A: A paired t-test is used when the samples are dependent (like before/after measurements on the same subjects), while an independent samples t-test is used when the two samples are unrelated to each other
In a clinical trial testing a new drug against a placebo, the researchers want to show the drug is effective. Explain why the null hypothesis would be set as "the drug has no effect" rather than "the drug is effective."
A: The null hypothesis is set as "the drug has no effect" because in hypothesis testing, we aim to reject the null hypothesis. This approach requires evidence to overturn the presumption of no effect, placing the burden of proof on showing that the drug works, which is more scientifically rigorous than assuming effectiveness.
researcher conducts a hypothesis test with a t-distribution with 24 degrees of freedom and a significance level of 0.05 for a two-tailed test. Calculate the critical t-value and explain how this value would change if the sample size increased to 100.
A: The critical t-value is approximately ±2.064. If the sample size increased to 100, the degrees of freedom would increase to 99, and the critical t-value would decrease to approximately ±1.984, becoming closer to the z-value of ±1.96 as the t-distribution approaches the normal distribution with larger sample sizes.

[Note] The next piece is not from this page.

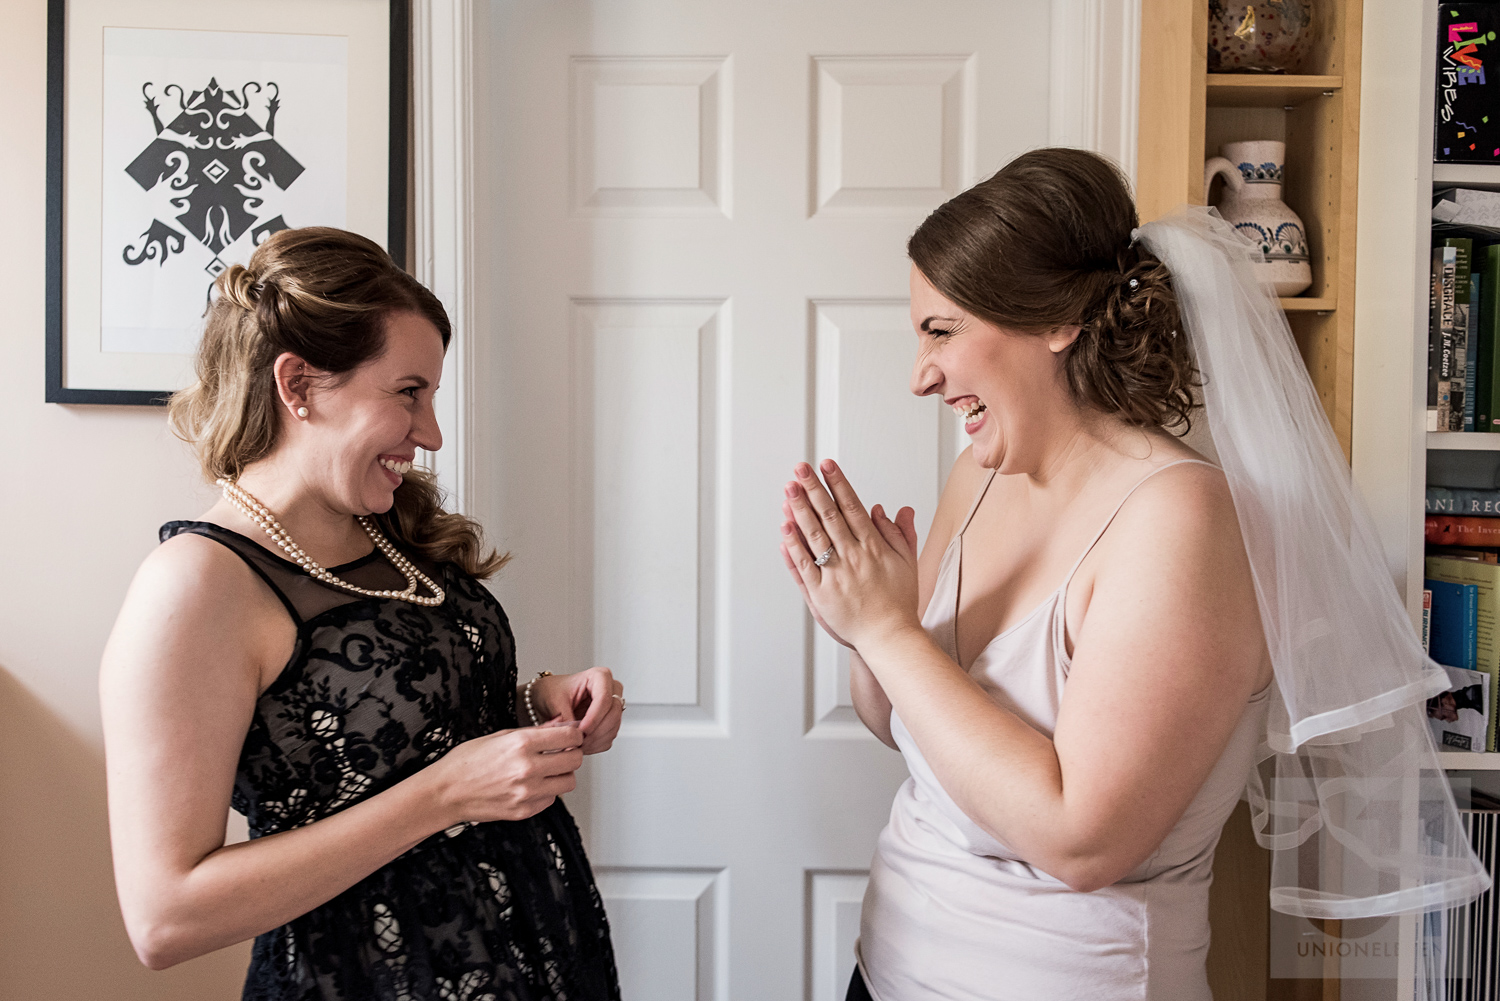 The bride and her bridesmaid sharing a laugh while they get ready

A quality control engineer is testing the breaking strength of cables. The manufacturer claims the cables have a mean breaking strength of 500 pounds. Under what specific circumstances should the engineer use a one-tailed test instead of a two-tailed test, and which direction should the tail be? Provide statistical reasoning for your answer.
A: The engineer should use a one-tailed test if they're only concerned about the cables being weaker than claimed (a left-tailed test), which would be appropriate if only weaker cables pose a safety risk. Alternatively, if they're testing whether a new manufacturing process made the cables stronger, they would use a right-tailed test. The choice depends on whether the practical concern is unidirectional and established before data collection, as using a one-tailed test provides more power to detect an effect in the specified direction.
A random sample of 40 students had a mean exam score of 75 with a standard deviation of 8. Calculate the 95% confidence interval for the population mean exam score. Then explain how the interpretation of this interval would differ from a 95% prediction interval for an individual student's score.
A: The 95% confidence interval is approximately 75 ± 2.48, or [72.52, 77.48]. A confidence interval estimates where the population mean lies, while a prediction interval would be much wider because it aims to capture where an individual student's score would fall, accounting for both the uncertainty in estimating the mean and the natural variability of individual scores around that mean.
A researcher wants to compare the effectiveness of three different study methods. The t-test would not be appropriate for this analysis. Explain why, and describe what statistical test would be more appropriate, including the key assumptions that would need to be verified for that test.
A: The t-test is not appropriate because it can only compare two groups, not three. The researcher should use a one-way ANOVA (Analysis of Variance), which can compare means across multiple groups. Key assumptions for ANOVA include: (1) independent observations, (2) normal distribution of the data in each group, and (3) homogeneity of variances across groups. If these assumptions are violated, non-parametric alternatives like the Kruskal-Wallis test might be needed.